The audio works by ECM:323, and ECM:323 /Tunk Systems on the accompanying CD are presented as a literal representation of a spontaneous, self-generating feedback event, and should in no way be construed as a composition. Apart from a modest amount of EQ and filtering, the works are designed to illustrate raw and unprocessed events analogous to those found throughout the natural world. Any fluctuations in signal and channel balance are entirely beyond our control, and all of the sound was generated from two conflicting effects units. Contact ECM:323@aol.com for supplementary material. Our early audio works are documented on the CD ROM —’0Hz’, available for £9.99 + p&p from ‘0 Hz’ CD Rom Journal of Advanced Audio Arts, c/o Don’t Look Now, Threshold Studios, 69b Kettering Road, Northampton NN I 4AW, England.

Toshimaru Nakamura

Toshimaru Nakamura

Toshimaru Nakamura put aside his guitar around 1998 and started to produce the music on “no-input mixing board.” Since 1998 he has been hosting a monthly music gathering, first at Bar Aoyama, latterly at Off Site, with guitarists Taku Sugimoto and Tetuzi Akiyama. It has been growing as an important meeting point in the Tokyo improvised music scene. He has also been working with dancer Kim Ito as a composer/sound designer for his theatre works since 1996. Recent releases include:

“no-input mixing board 2” (a bruit secret 02).

“select dialect” repeat (cut 005).

“do” with Sachiko M (erstwhile 013).

“Weather Sky” with Keith Rowe (erstwhile 018).

“ATON” with Andrea Neumann (Rossbin Production, rsOOl).

“Siphono” with Bruno Meillier (SMI, NM2I0).

Contact setreset@attglobal.net
Visit www.japanimprov.com/tnakamura/

Xentos, aka Pentos Fray Bentos, writes: “I am best described by a recurring dream I have endured since childhood. Through a shoddy dawn I follow a thread that leads me ever deeper into the maze of sound. My mission – to seek out and slay the dreadful sonic beast that lurks at its heart. At every twist and juncture I pass musical genres (some well known, many yet to be discovered) – the sweaty dance fraternity panting like ill-used heffers after a barbaric milk, the rock gods; – a glistening gathering of pointless prunes; the pop brigade – all youth and trousers; even a pack of canny improvisers slumped unconscious over a free bar.

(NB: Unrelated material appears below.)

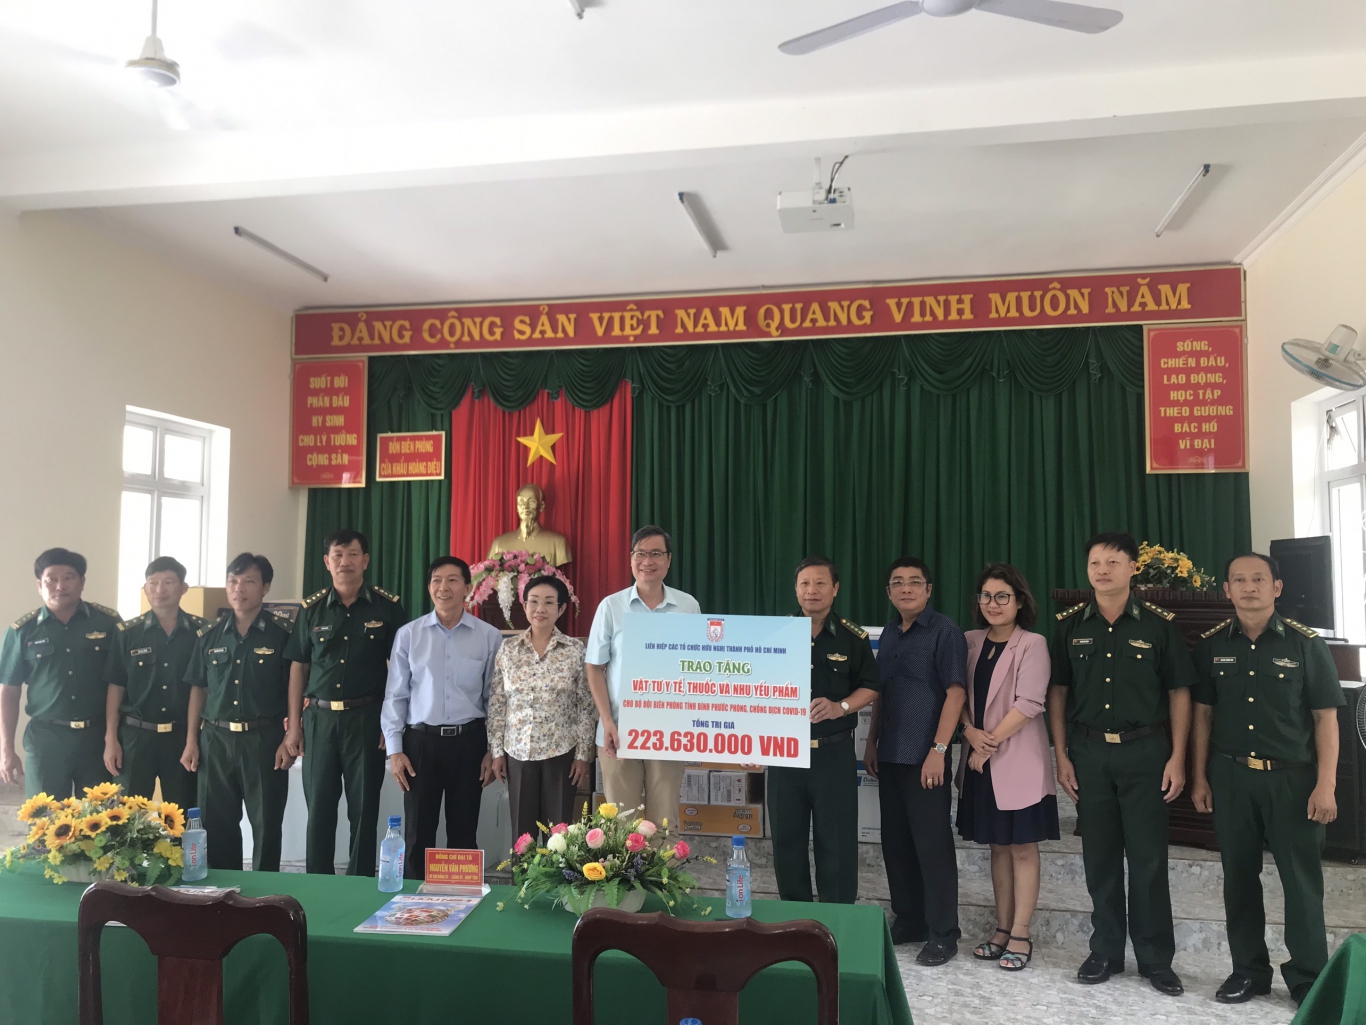 Chi đoàn, Công đoàn Sở Ngoại vụ tỉnh Bình Phước, Liên hiệp Các tổ chức hữu nghị thành phố Hồ Chí Minh đến thăm và tặng vật tư y tế cho bốn Đồn biên phòng trên địa bàn huyện Bù Đốp

“At last, I enter a dark chamber at the centre of the maze. A trap. Hideous forms surround me. There is not just one sonic beast but a burgeoning army. A terrible scream rips from my throat. At once, all around, the shattering of a million panes of glass as though an almighty fist had torn though the clouds and pummeled a skyscraper.

“Eventually – silence. When I gather the courage to look up. I see that I was standing in a hall of mirrors.”